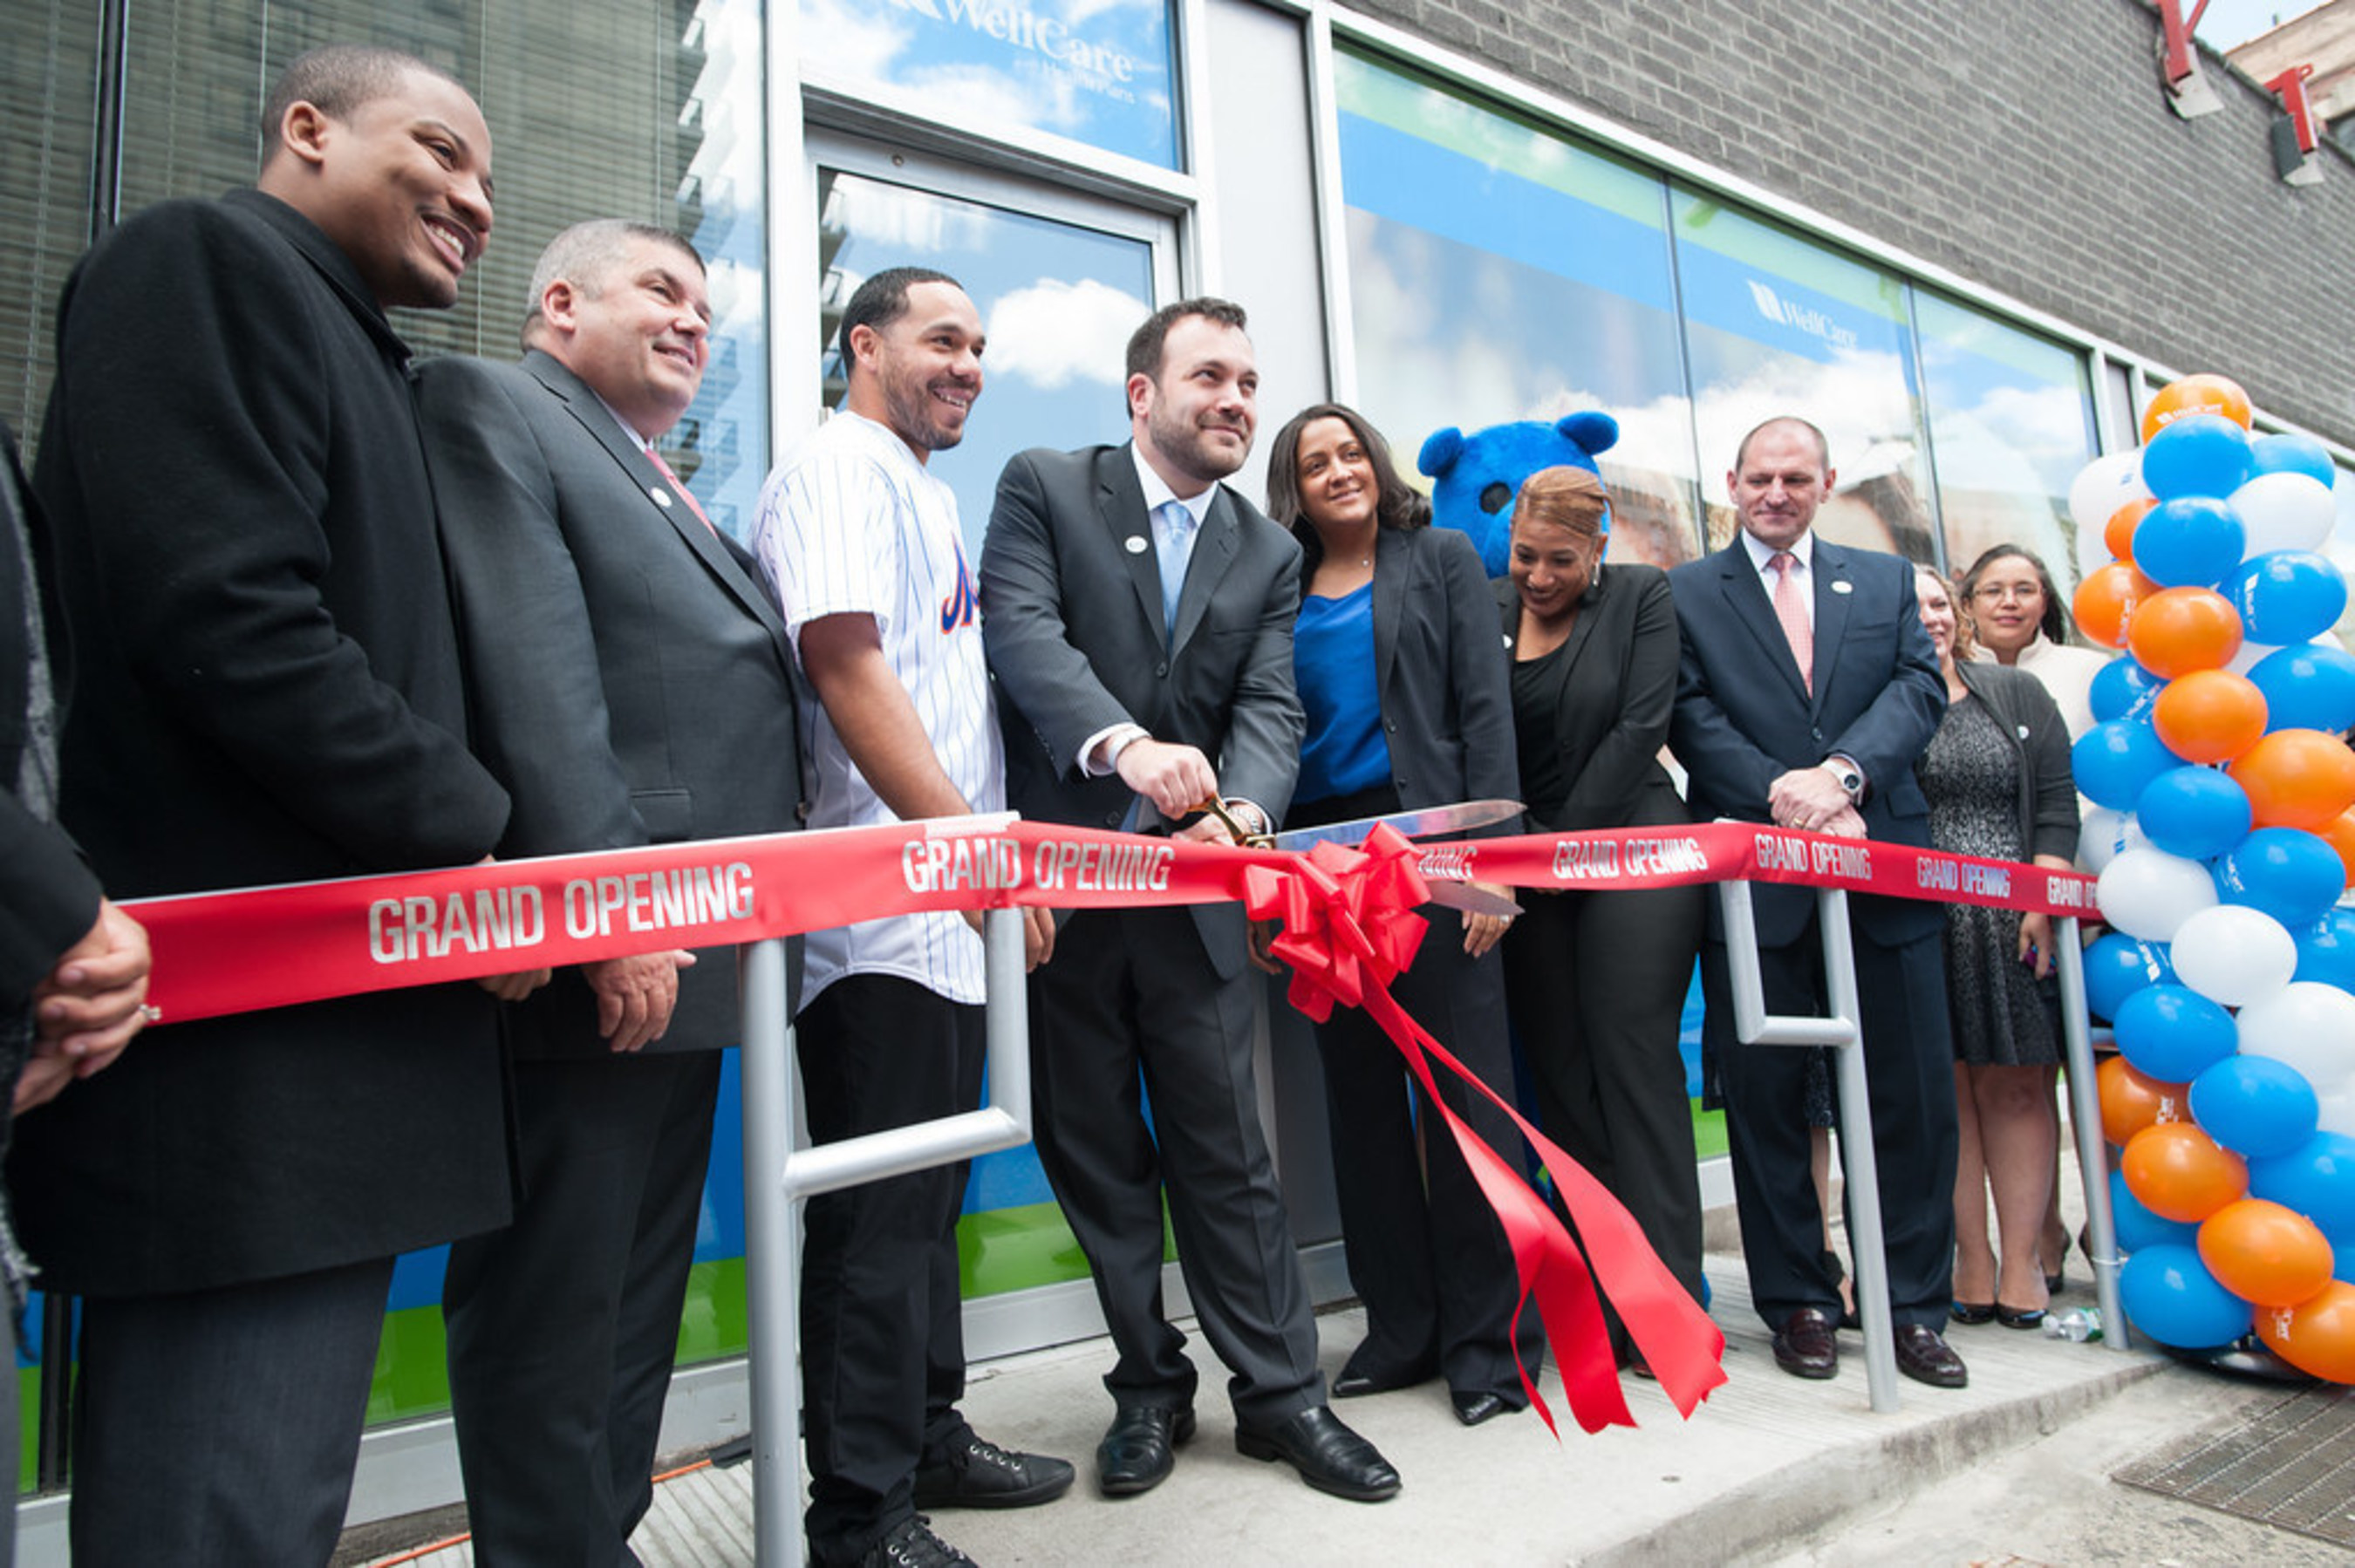 Center with scissors, Ryan Fogarty, WellCare's vice president, New York and Connecticut, cuts the ribbon to WellCare's newest Welcome Center in Manhattan's Washington Heights. To Fogarty's left is New York Mets catcher Rene Rivera, to Fogarty's right is Jeanette Gonzalez, WellCare's senior director of provider relations. WellCare Welcome Centers are neighborhood health information, education and activity centers.
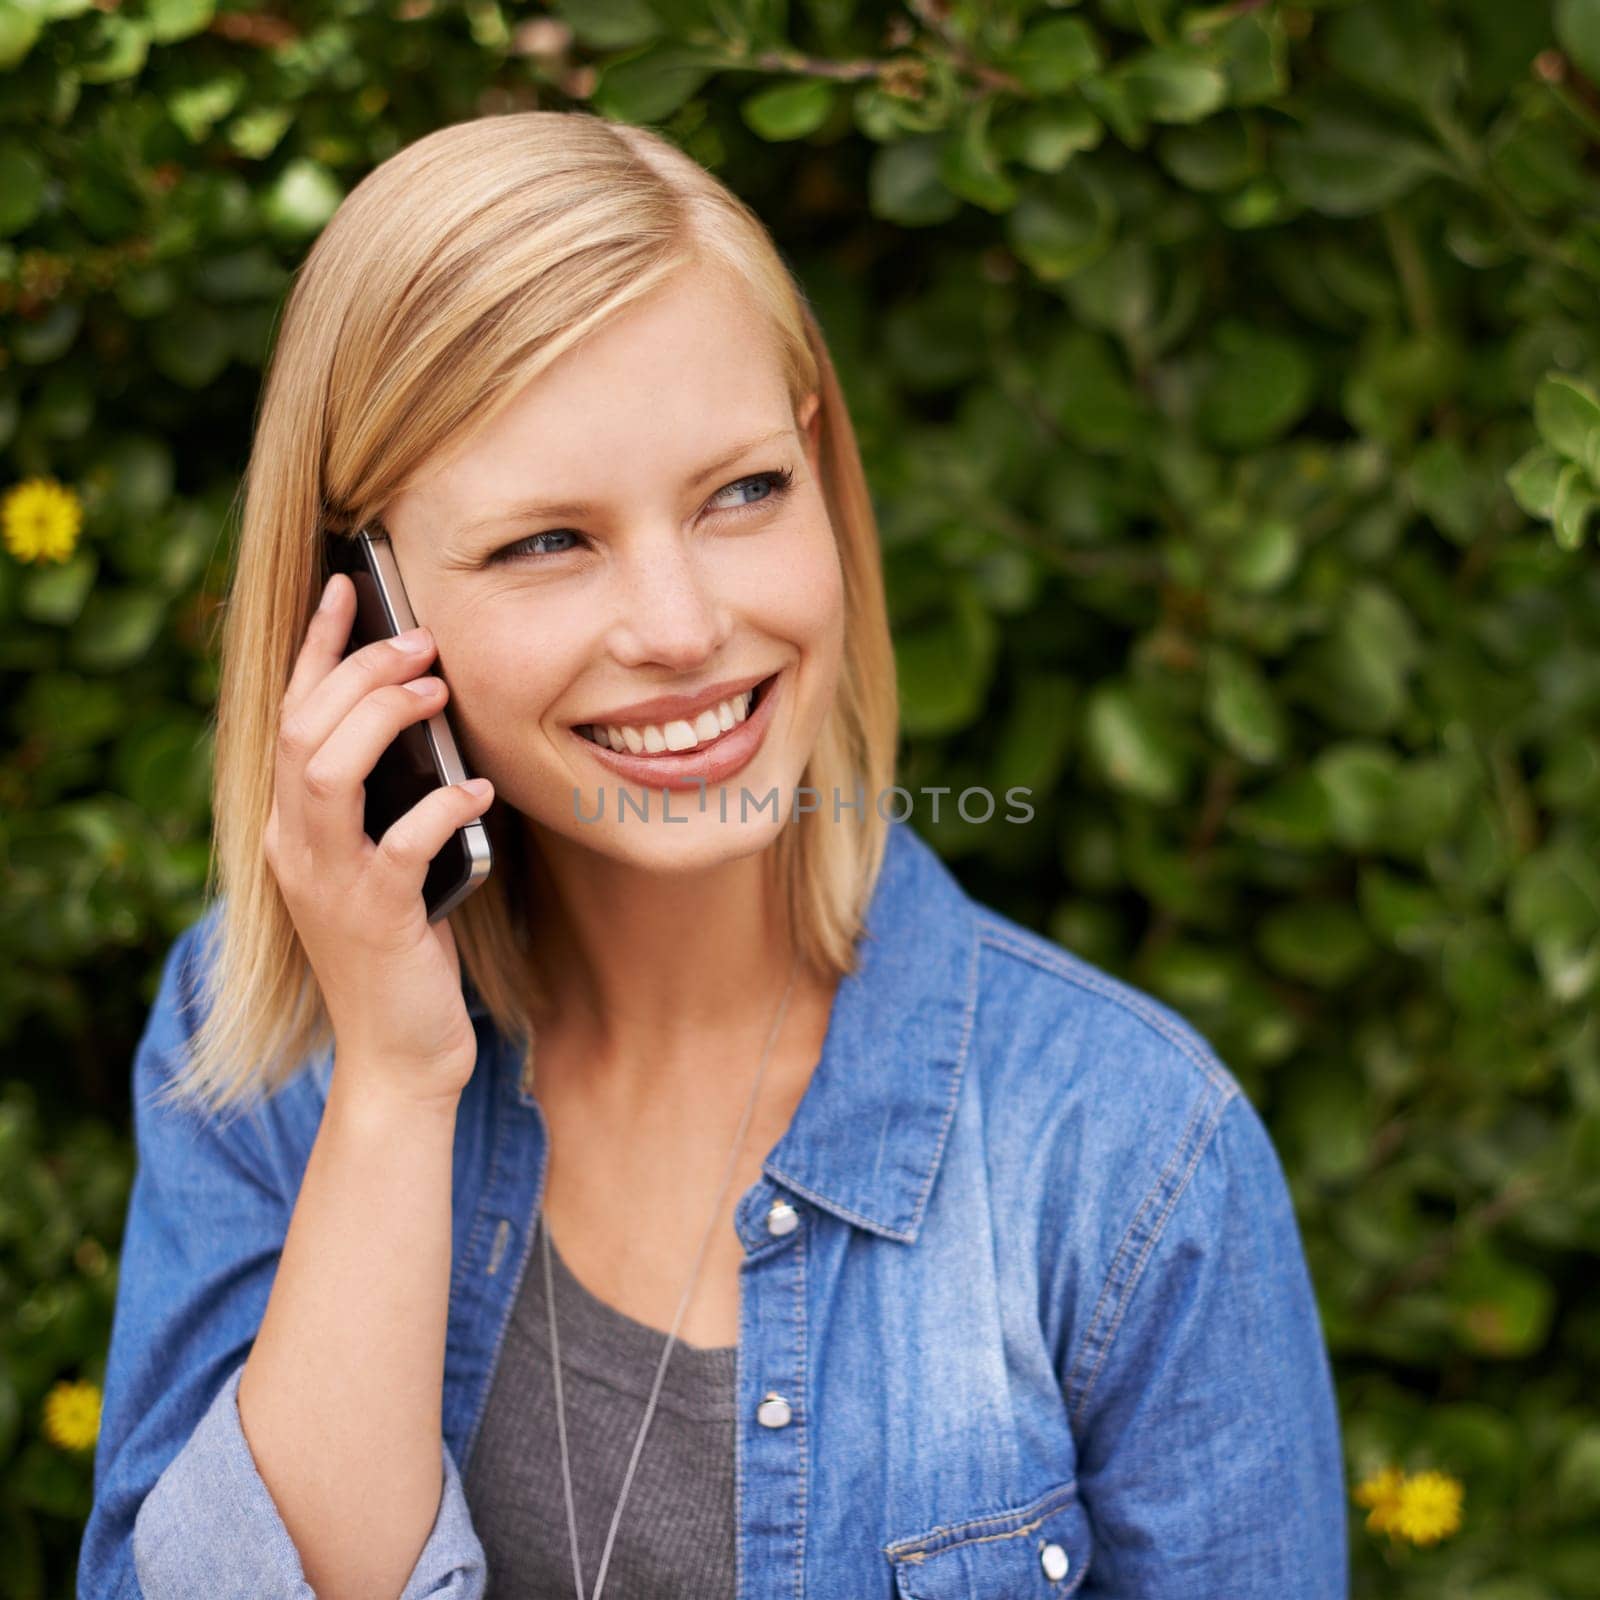 Phone call, smile and happy woman relax in a park with online conversation, listening or chat. Smartphone, hello or lady person in nature with web communication for taxi, chauffeur or commute service.
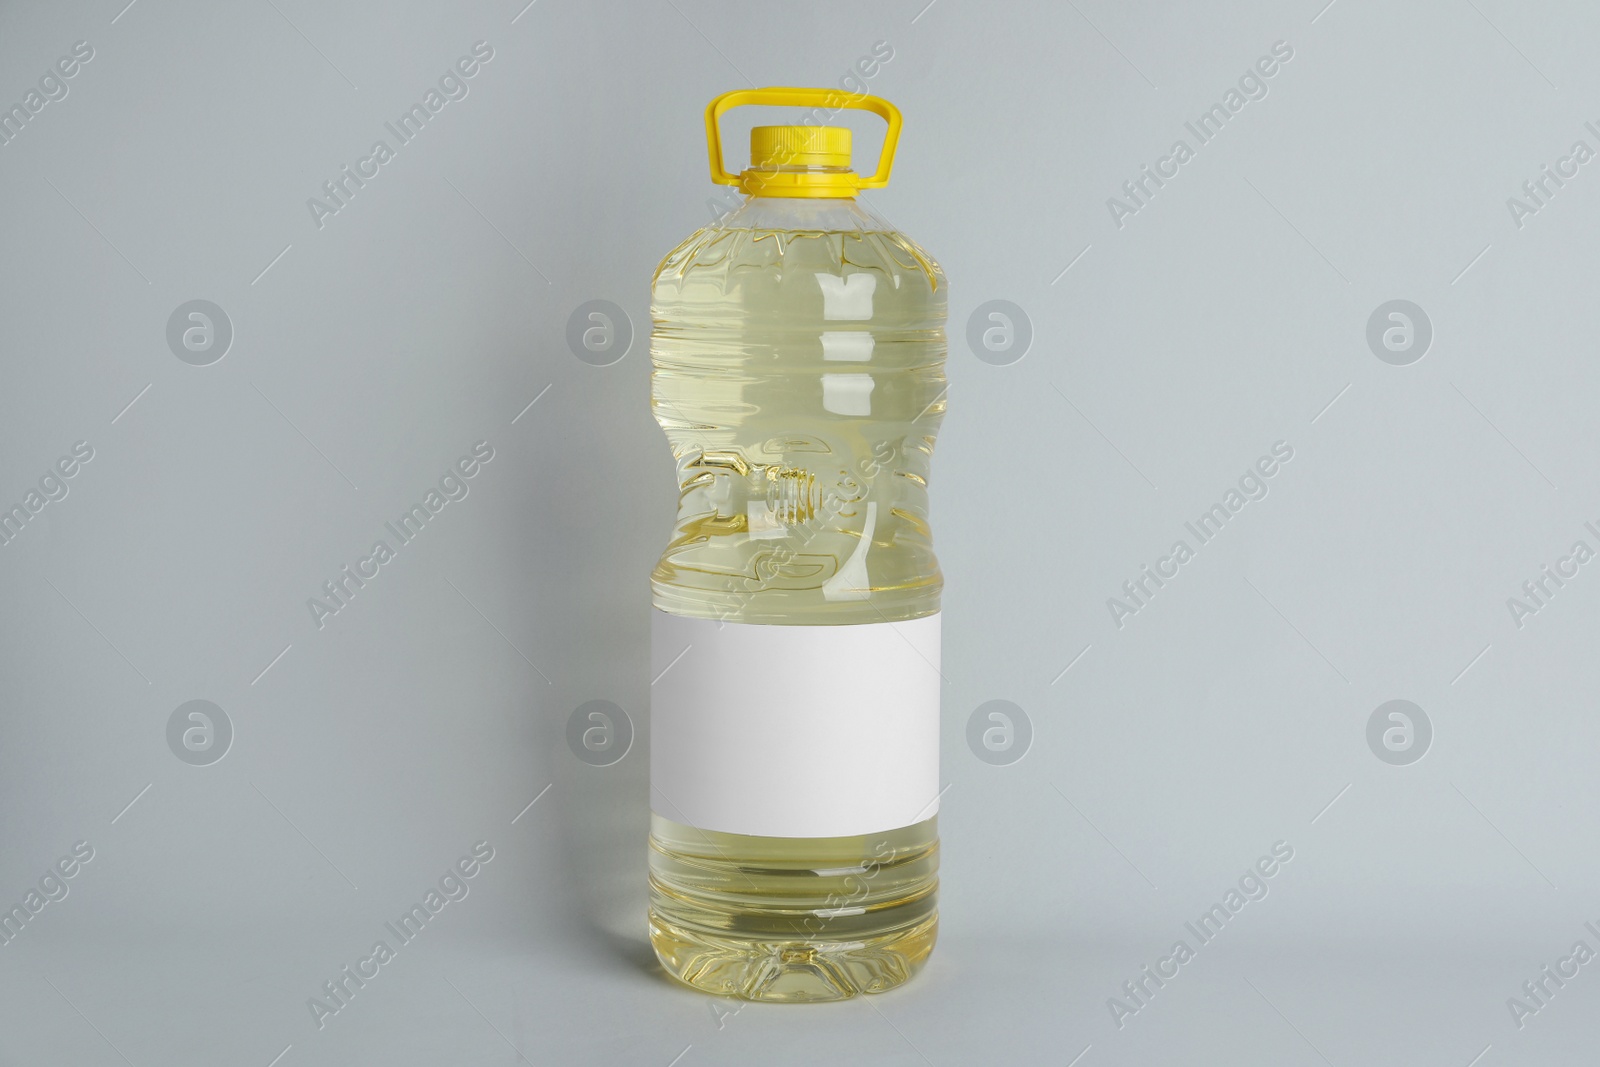 Photo of Bottle of cooking oil on light grey background

WHAT YOU NEED TO DO: In the listing above, retype exactly, and only, the lines from the one containing "Phone call, smile" through the last line, both included. Omit the pictures.

OUTPUT:
 Phone call, smile and happy woman relax in a park with online conversation, listening or chat. Smartphone, hello or lady person in nature with web communication for taxi, chauffeur or commute service.
 Photo of Bottle of cooking oil on light grey background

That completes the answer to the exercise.